- Born: Gregory Rodman Irons September 29, 1947 Philadelphia, Pennsylvania, U.S.
- Died: November 14, 1984 (aged 37) Bangkok, Thailand
- Area(s): Poster artist, underground cartoonist, animator, tattoo artist
- Notable works: Slow Death
- Collaborators: Tom Veitch

= Greg Irons =

American artist

Greg Irons (September 29, 1947 - November 14, 1984) was an American poster artist, underground cartoonist, animator and tattoo artist.

==Biography==
Irons was born in Philadelphia, Pennsylvania.

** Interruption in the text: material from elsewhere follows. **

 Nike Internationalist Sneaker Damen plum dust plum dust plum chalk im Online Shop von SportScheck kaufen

He moved to San Francisco, California, in 1967, where he soon found work designing posters for Bill Graham at The Fillmore Auditorium.

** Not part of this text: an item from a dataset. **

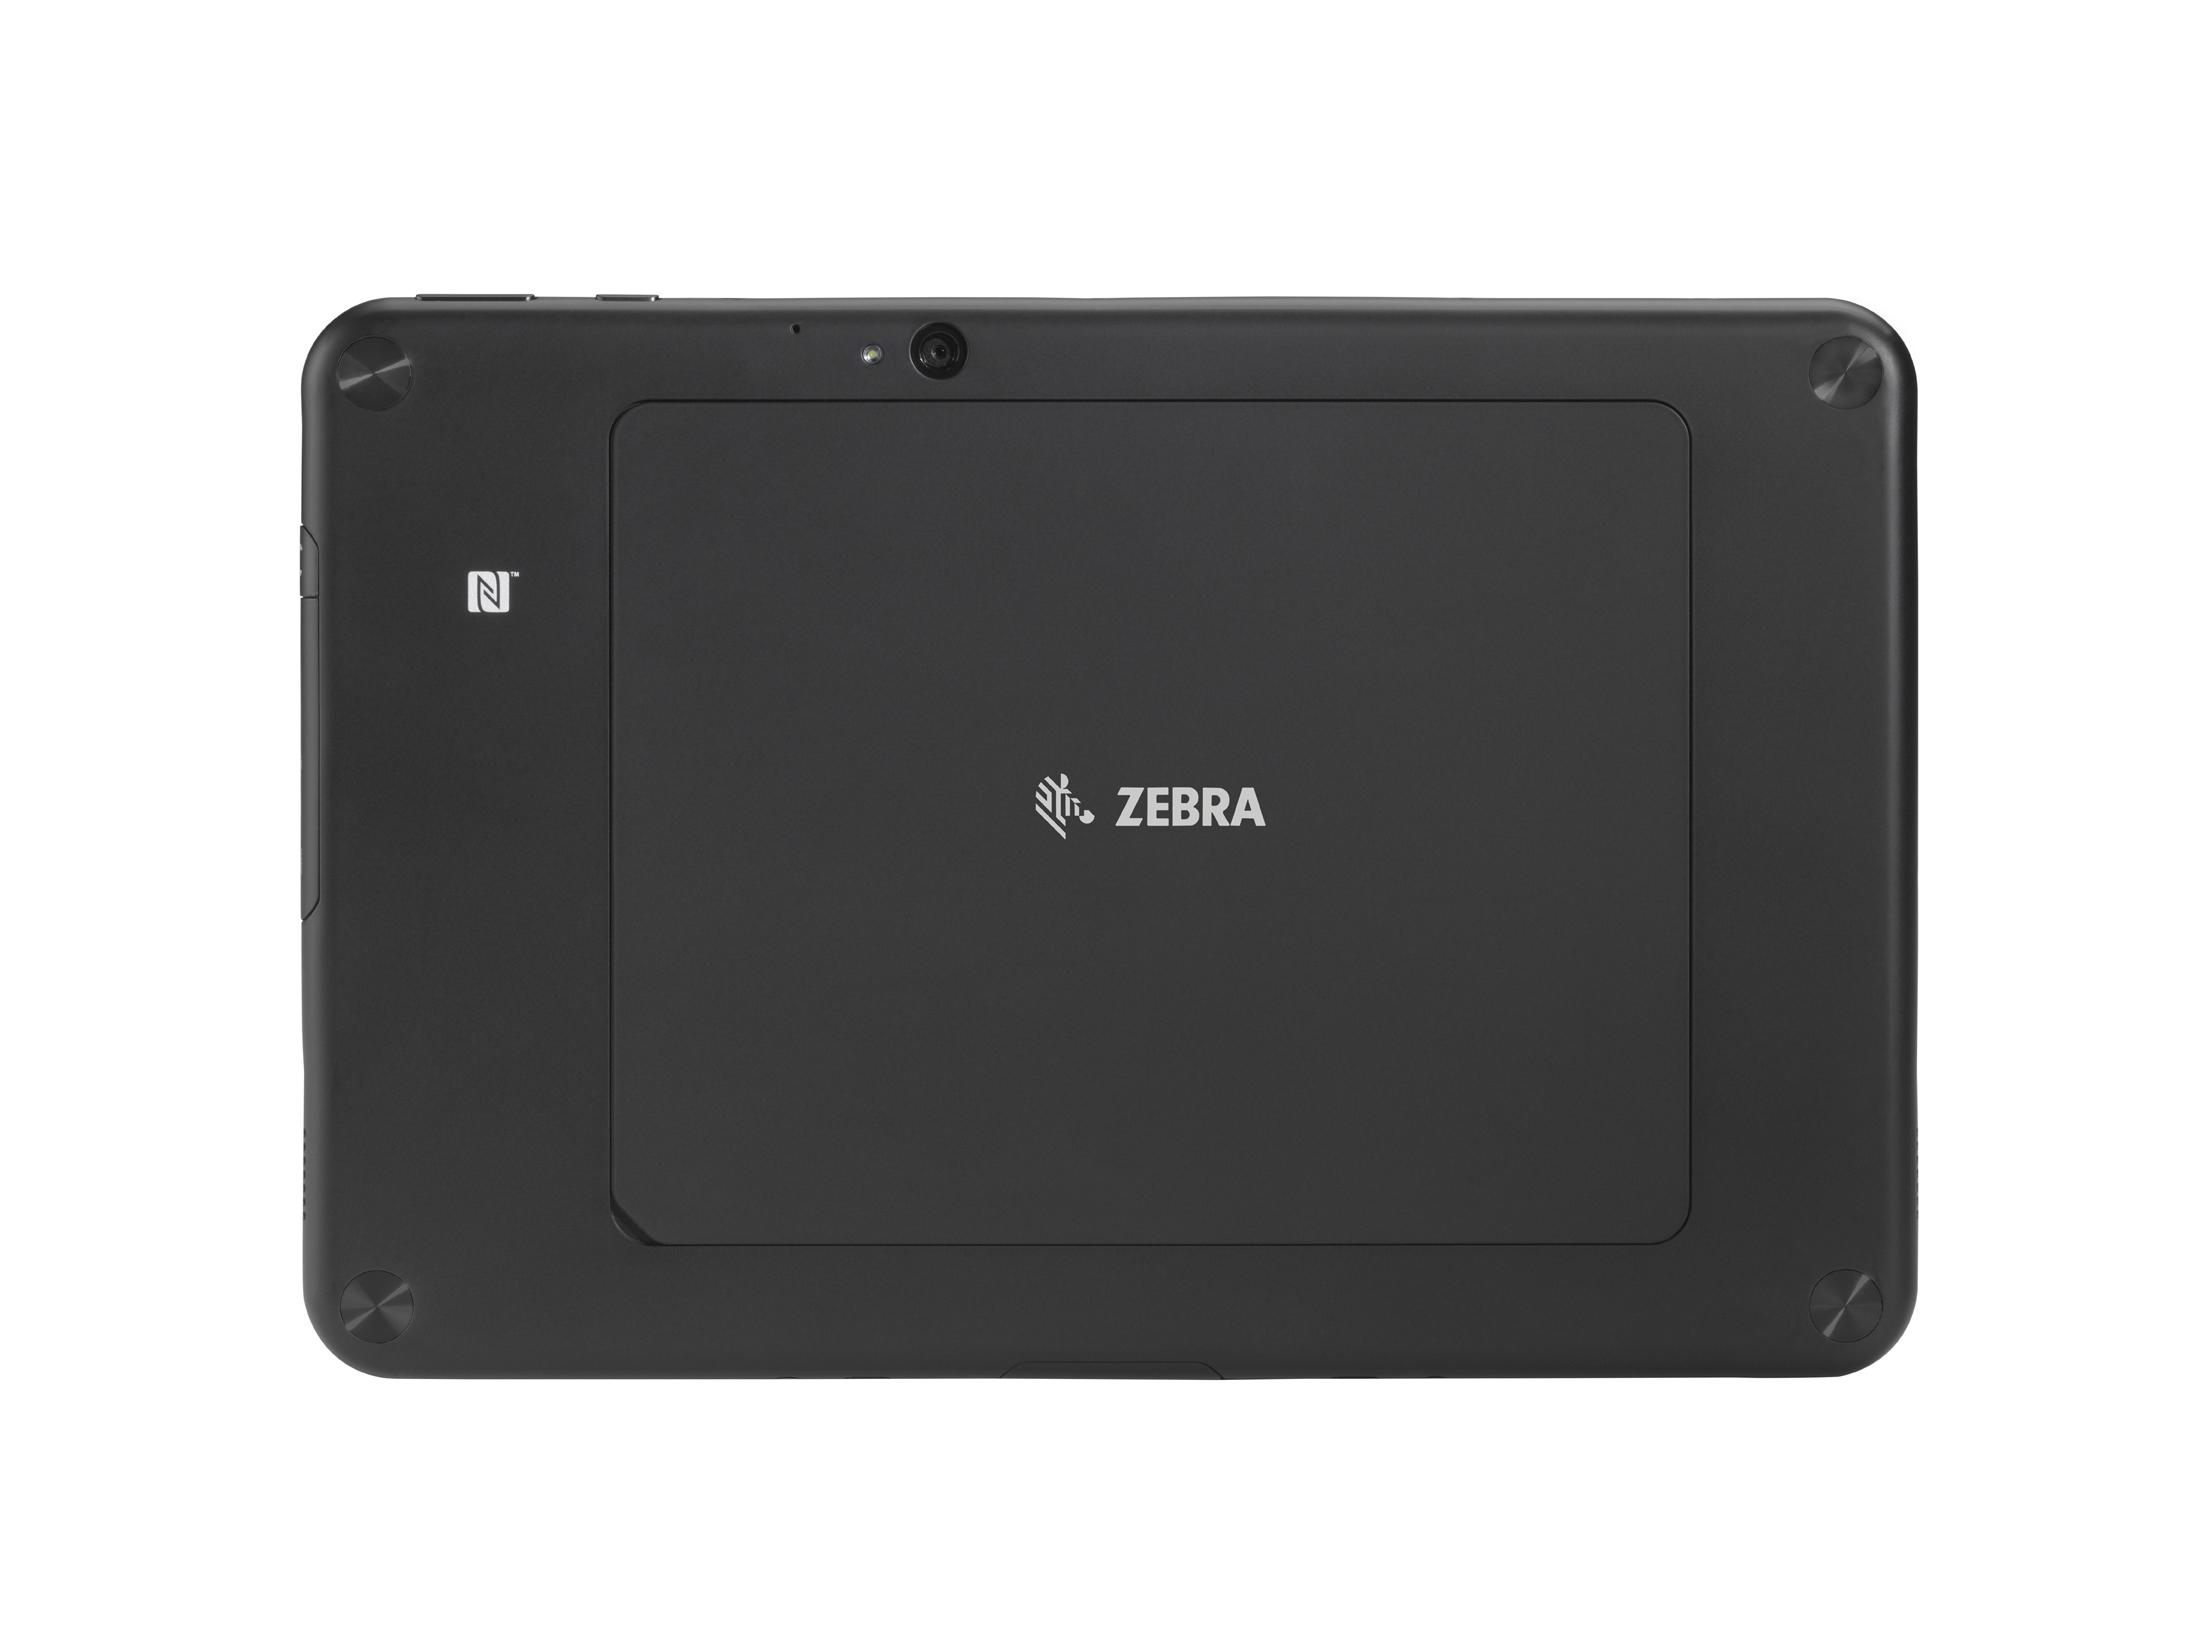 tablette zebra et50 windows 10 8.3 pouces

He worked on the film Yellow Submarine, then returned to work for Graham Productions. He soon branched out into album covers and "comix" work for the Print Mint, Last Gasp Eco-Funnies, and other local underground publishers. Irons' collaborations with writer Tom Veitch in the early 1970s (the creative team was known as "GI/TV") included Deviant Slice Funnies, Legion of Charlies. Other contributions to underground comics included Skull Comix and Slow Death. A solo comic entitled Light Comitragies was published in June 1971 by the Print Mint.

In the mid-1970s he began book illustration work, mainly for Bellerophon Books. One of these was a coloring-book format illustration of Chaucer's "The Wife of Bath's Prologue and Tale" which was issued with "The Miller's Tale" illustrated by Gilbert Shelton. In 1979, he illustrated The Official Advanced Dungeons & Dragons Coloring Album which was both a coloring book and a short adventure module authored by Gary Gygax. It was also around this time he began doing tattooing.

On November 14, 1984, while on a working vacation in Bangkok, Thailand, Irons was struck and killed by a bus.